[WHAT YOU WILL DO]:
The answer is the line with "Khu nghỉ dưỡng" and every line after it to the end of the listing, retyped exactly. Pictures do not belong in it.

*** Opening GIVEN DATA ***

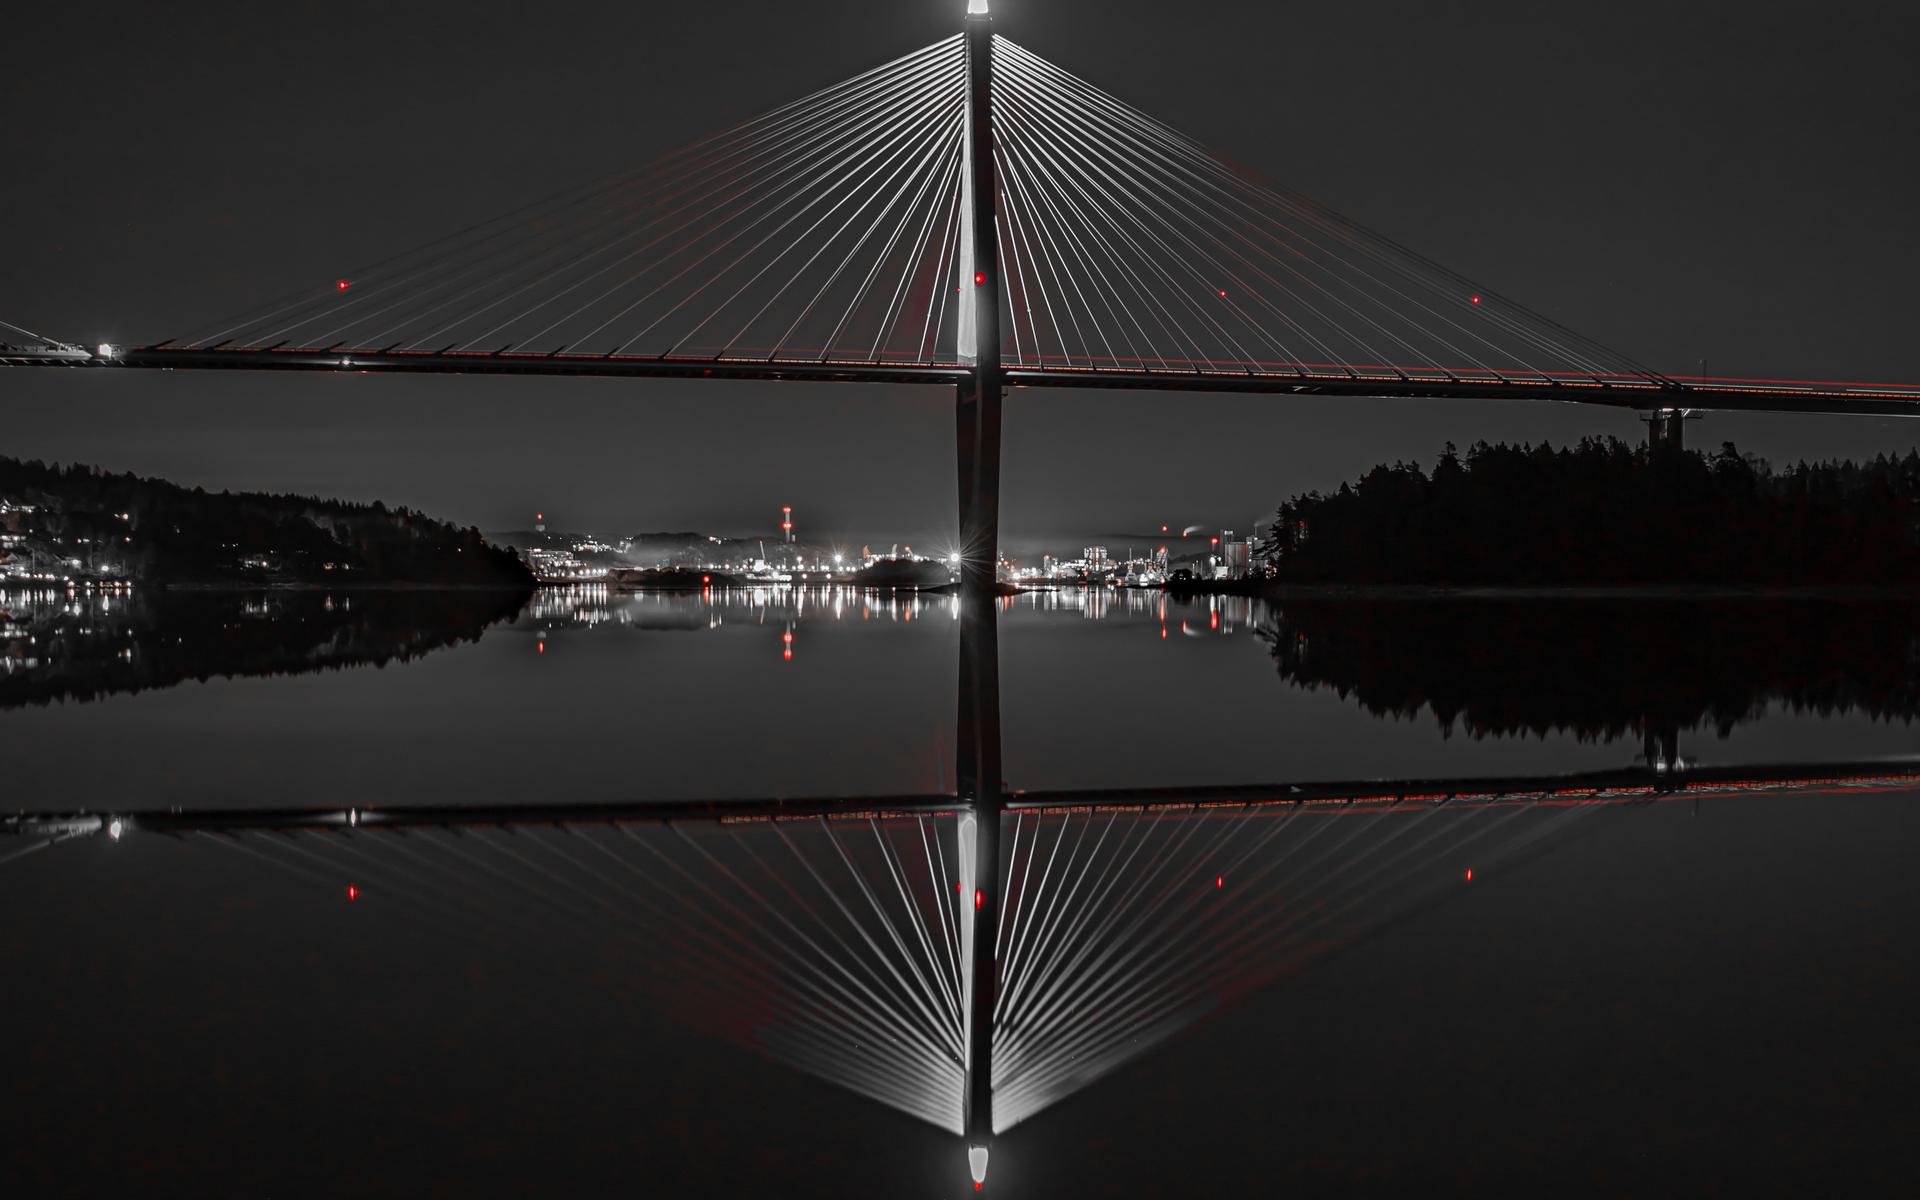 ”Här kommer mitt bidrag i tävlingen. Den är tagen från utloppet av Byfjorden med våran vackra bro som inramar innerstaden. Det är ju lätt att vara fotograf med så vackra föremål.”
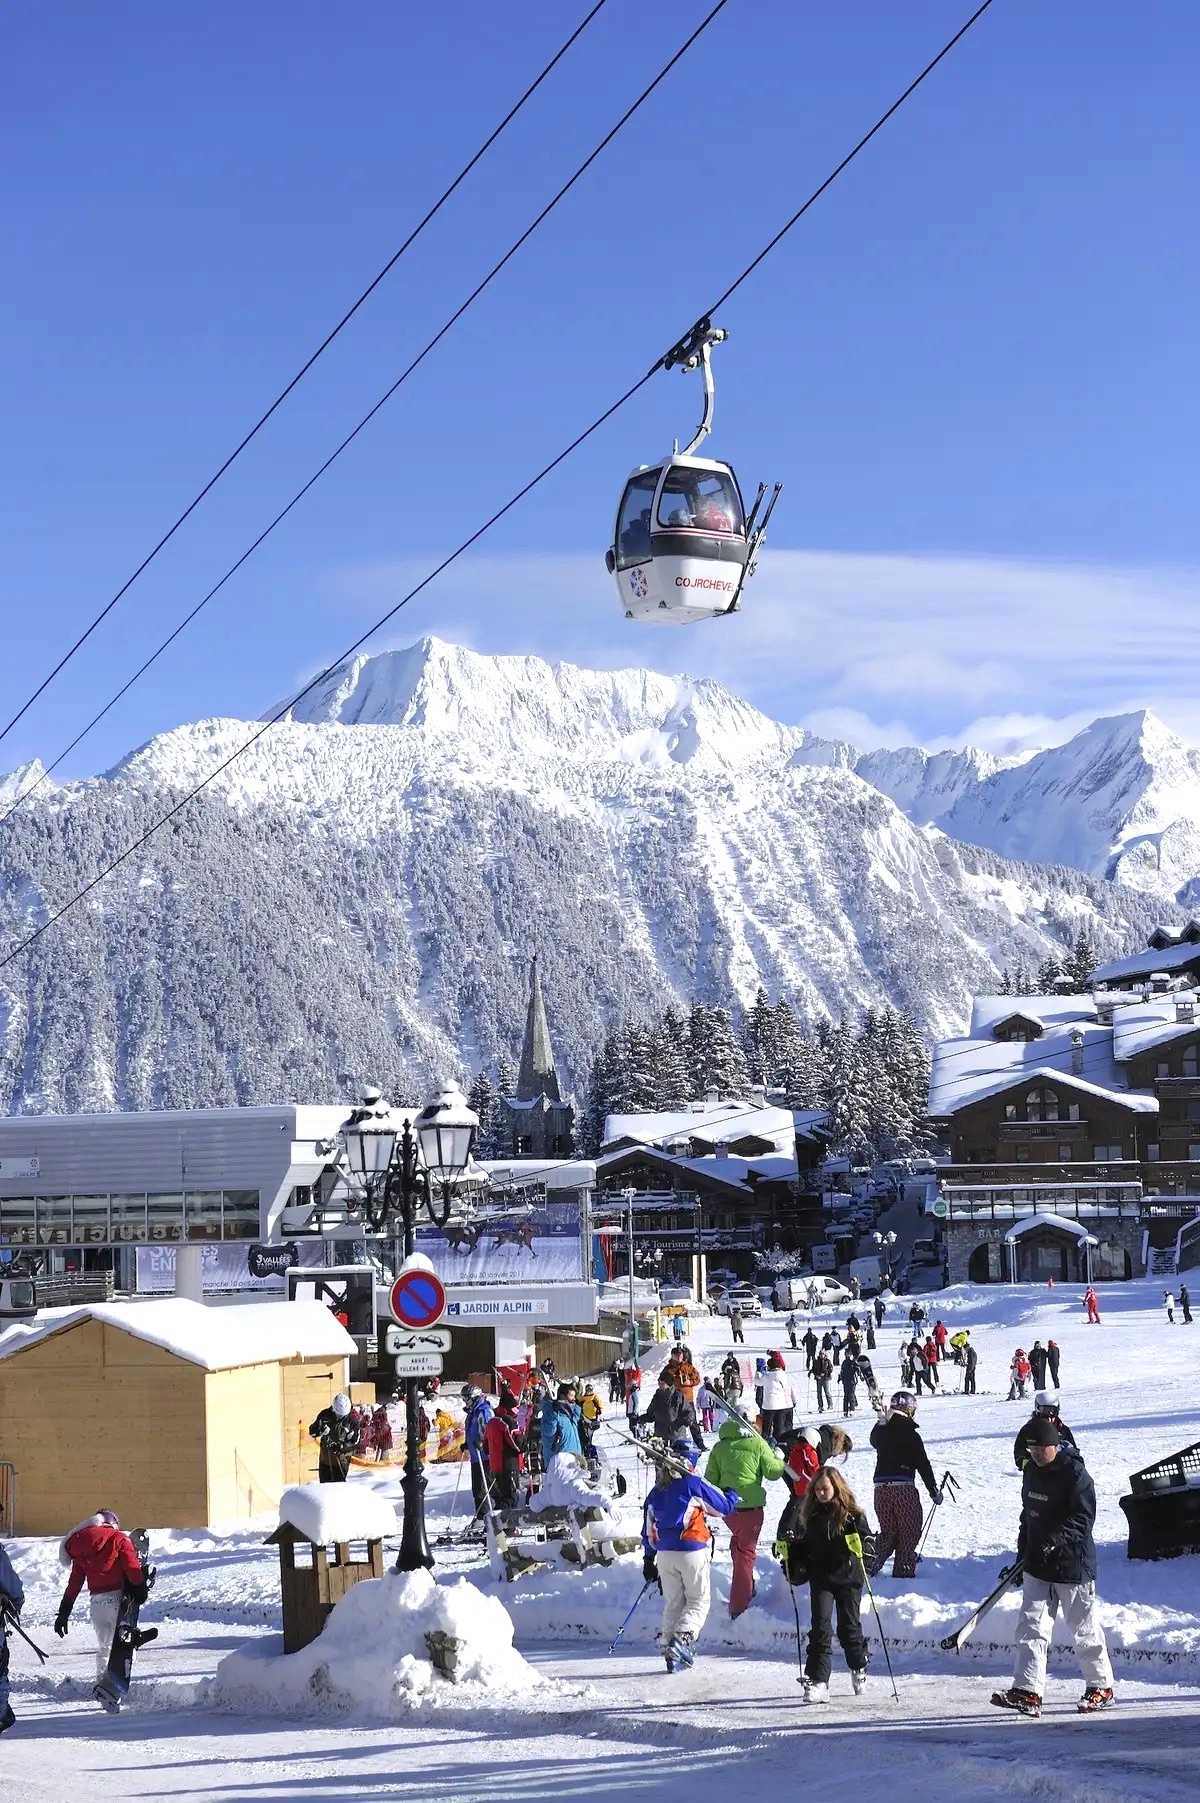 Khu nghỉ dưỡng trượt tuyết cho giới siêu giàu - ảnh 7
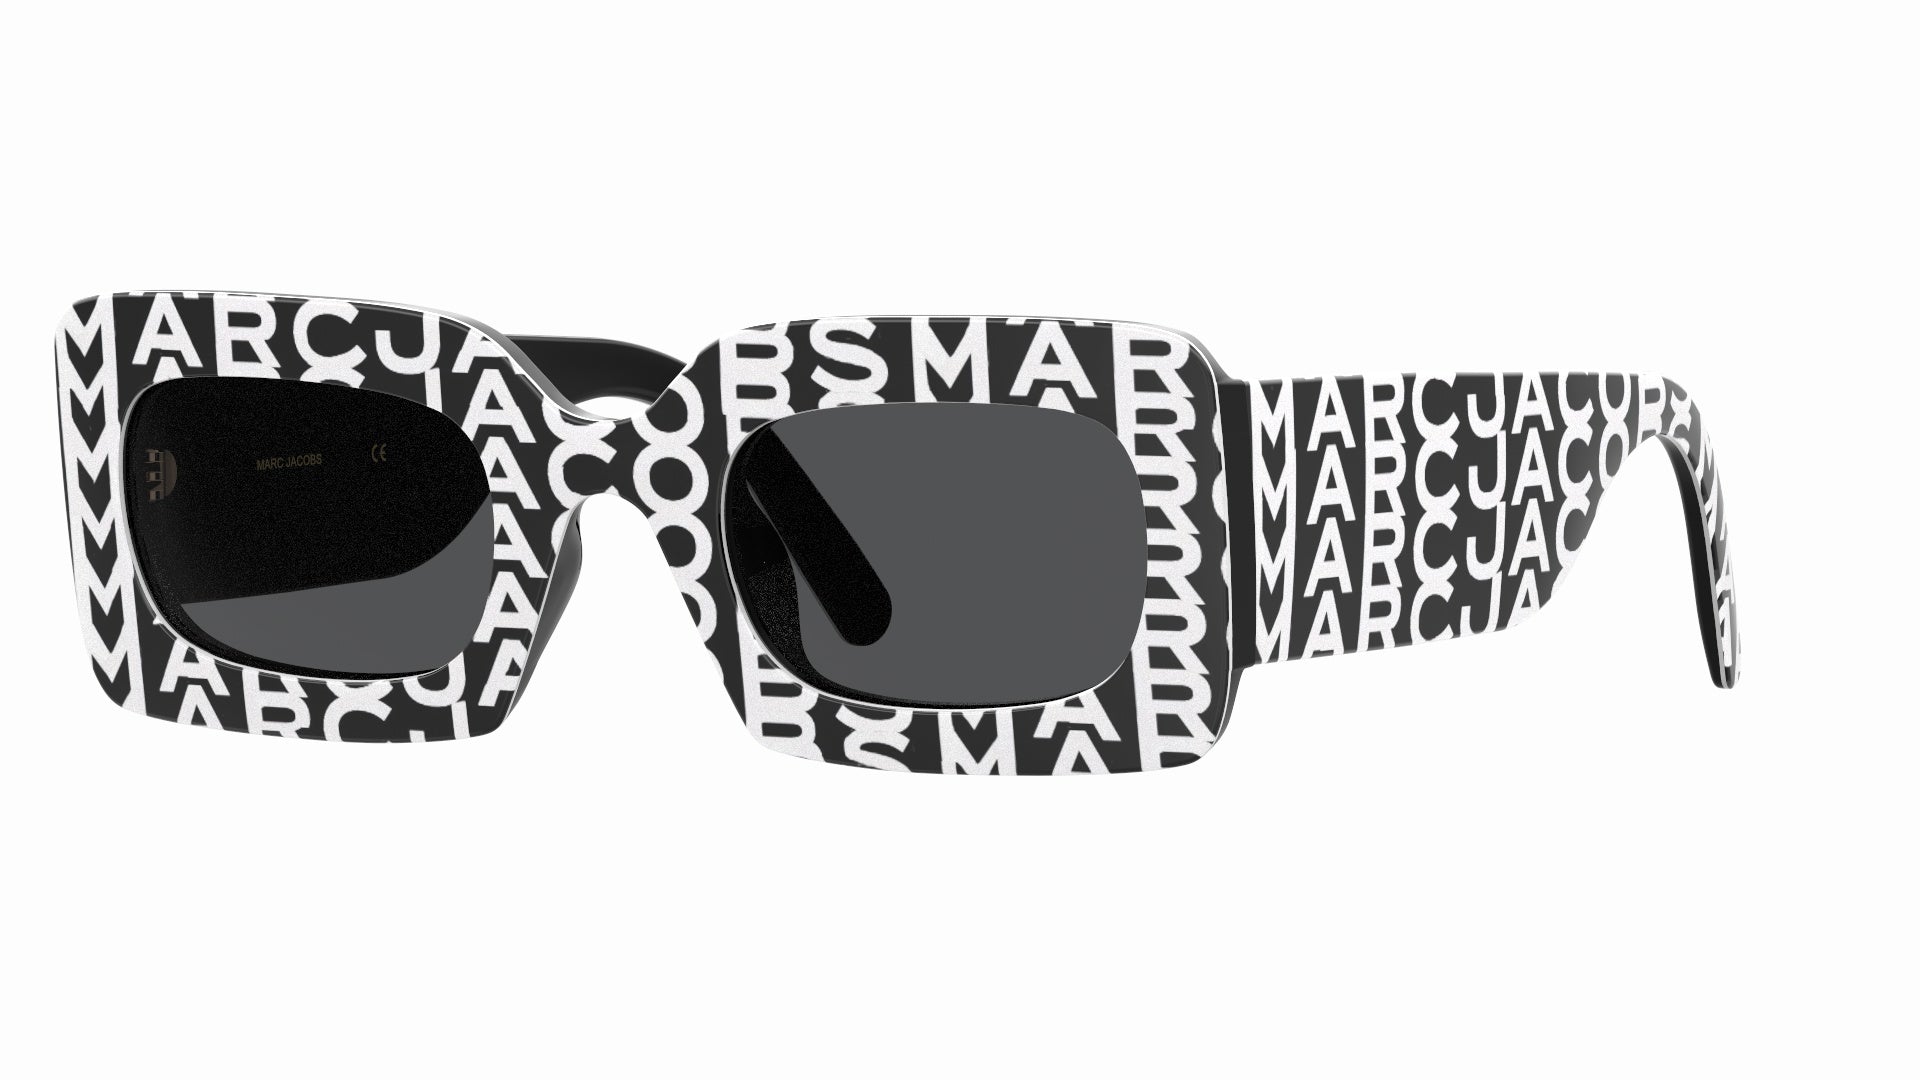 Marc Jacobs Women's Marc 488/S Sunglasses

*** Closing GIVEN DATA ***

[ANSWER BOX]:
 Khu nghỉ dưỡng trượt tuyết cho giới siêu giàu - ảnh 7
 Marc Jacobs Women's Marc 488/S Sunglasses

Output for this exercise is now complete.